Recognition: unknown
Characterizing Vision-Language-Action Models across XPUs: Constraints and Acceleration for On-Robot Deployment
Pith reviewed 2026-05-08 02:59 UTC · model grok-4.3
The pith
VLA models for robot control exhibit a two-phase inference pattern that allows targeted optimizations to deliver up to 6x speedups on edge NPUs.
A machine-rendered reading of the paper's core claim, the machinery that carries it, and where it could break.
Core claim
VLA models display a consistent two-phase inference pattern: a compute-bound VLM backbone followed by a memory-bound Action Expert.
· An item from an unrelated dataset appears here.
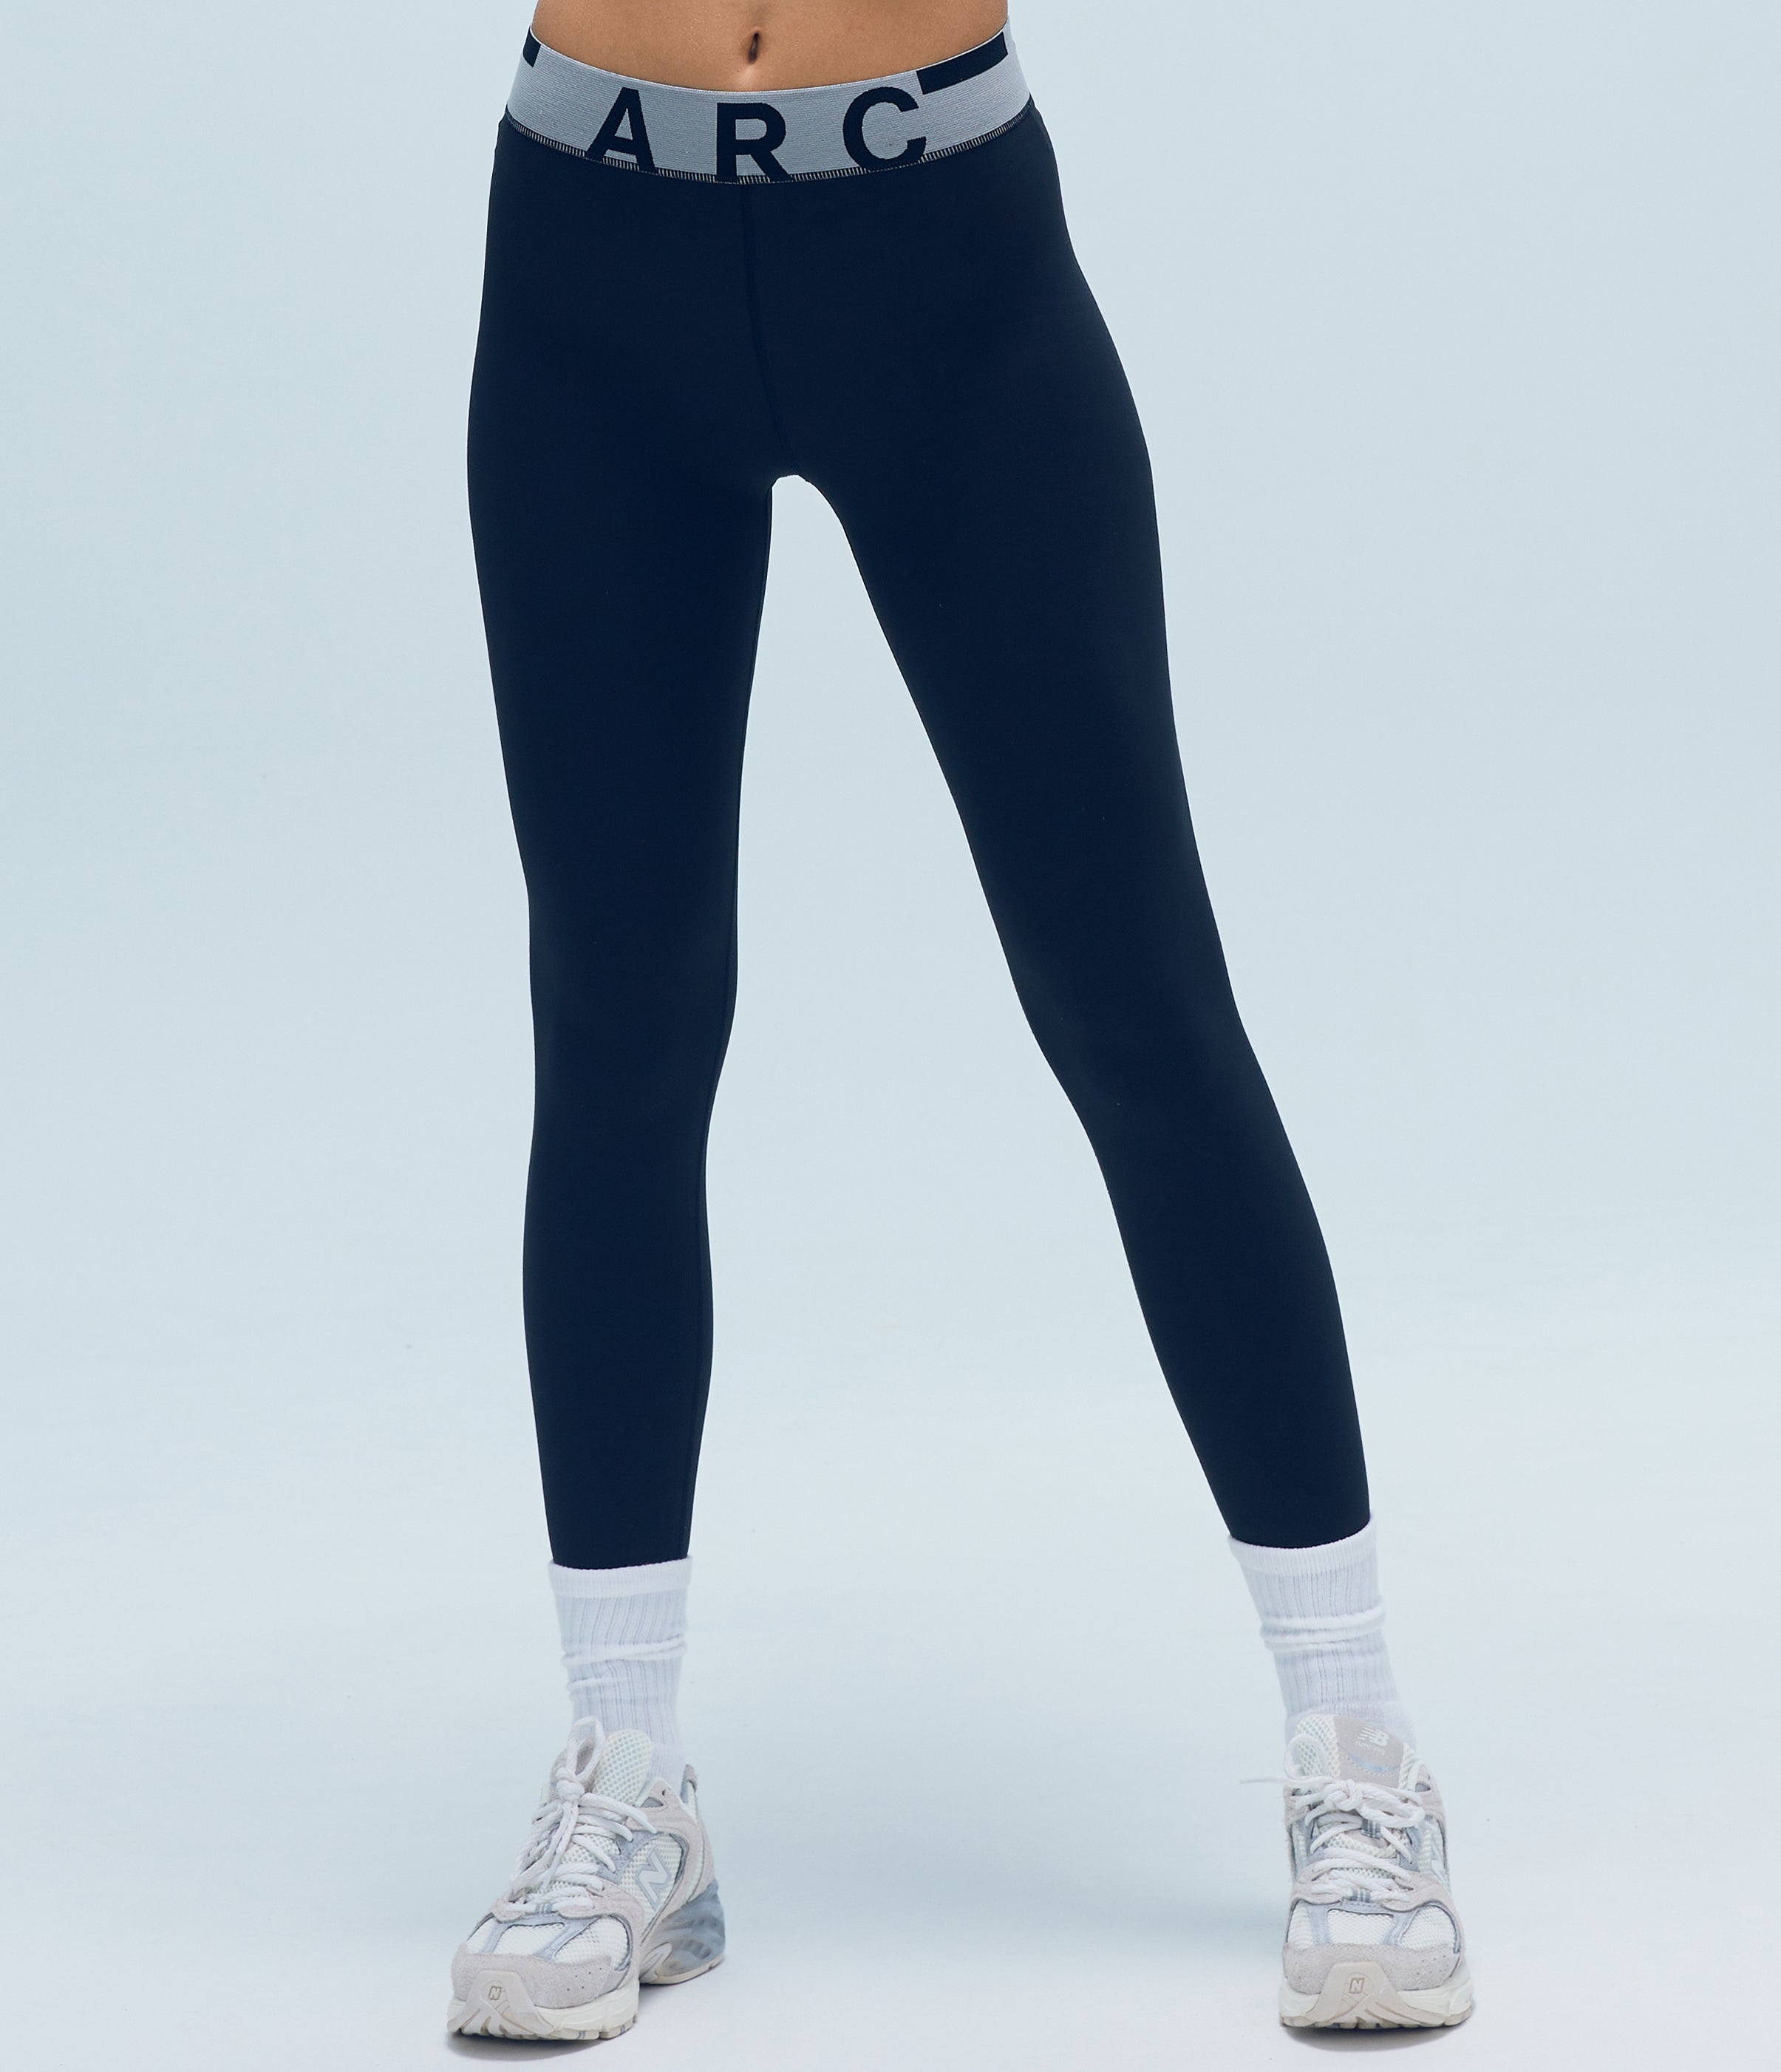 Navigate Your Active Lifestyle with ARC Active's Navi Leggings

This pattern produces phase-dependent underutilization and hardware inefficiency. By introducing DP-Cache to reduce diffusion redundancy and V-AEFusion to enable asynchronous pipeline parallelism, the authors achieve up to 2.9x speedup on GPUs and 6x on edge NPUs with only marginal success degradation.
What carries the argument
The two-phase inference pattern of a compute-bound VLM backbone followed by a memory-bound Action Expert, which creates exploitable underutilization that DP-Cache and V-AEFusion address by cutting redundancy and overlapping execution.
If this is right
- Right-sized edge devices can surpass flagship GPUs in cost and energy efficiency while satisfying control-rate limits.
- DP-Cache reduces diffusion redundancy within the action-generation phase.
- V-AEFusion allows the compute-bound and memory-bound phases to run asynchronously.
- The resulting speedups reach 2.9 times on GPUs and 6 times on edge NPUs.
- Task success rates remain nearly unchanged despite the latency gains.
Where Pith is reading between the lines
- The same phase-aware approach could improve efficiency in other multimodal models that alternate heavy computation with memory-bound generation steps.
- Faster on-device inference might allow VLA-controlled robots to handle tasks that require higher control frequencies than current systems support.
- Combining these techniques with quantization or pruning could further lower the hardware requirements for capable robot policies.
- The cross-accelerator leaderboard format could serve as a template for evaluating future generalist models on heterogeneous edge hardware.
Load-bearing premise
The two-phase inference pattern and the speedups it enables with only marginal task degradation will appear across the full range of VLA models, robot tasks, and real-world conditions.
What would settle it
Applying DP-Cache and V-AEFusion to a VLA model and task combination outside the evaluated set and measuring either no latency reduction or a large drop in success rate.
Figures
read the original abstract
Vision-Language-Action (VLA) models are promising for generalist robot control, but on-robot deployment is bottlenecked by real-time inference under tight cost and energy budgets. Most prior evaluations rely on desktop-grade GPUs, obscuring the trade-offs and opportunities offered by heterogeneous edge accelerators (GPUs/XPUs/NPUs). We present a systematic analysis for low-cost VLA deployment via model-hardware co-characterization. First, we build a cross-accelerator leaderboard and evaluate model-hardware pairs under CET (Cost, Energy, Time), showing that right-sized edge devices can be more cost-/energy-efficient than flagship GPUs while meeting control-rate constraints. Second, using in-depth profiling, we uncover a consistent two-phase inference pattern: a compute-bound VLM backbone followed by a memory-bound Action Expert, which induces phase-dependent underutilization and hardware inefficiency. Finally, guided by these insights, we propose DP-Cache and V-AEFusion to reduce diffusion redundancy and enable asynchronous pipeline parallelism, achieving up to 2.9x speedup on GPUs and 6x on edge NPUs with only marginal success degradation. The example leaderboard website is available at: https://vla-leaderboard-01.vercel.app/.
Editorial analysis
A structured set of objections, weighed in public.
Referee Report
Summary. The paper conducts a cross-accelerator characterization of Vision-Language-Action (VLA) models on GPUs, XPUs, and NPUs. It builds a CET (Cost-Energy-Time) leaderboard, identifies a recurring two-phase inference pattern (compute-bound VLM backbone followed by memory-bound Action Expert), and introduces DP-Cache and V-AEFusion to reduce diffusion redundancy and enable asynchronous pipeline parallelism, reporting up to 2.9× speedup on GPUs and 6× on edge NPUs with only marginal task success degradation.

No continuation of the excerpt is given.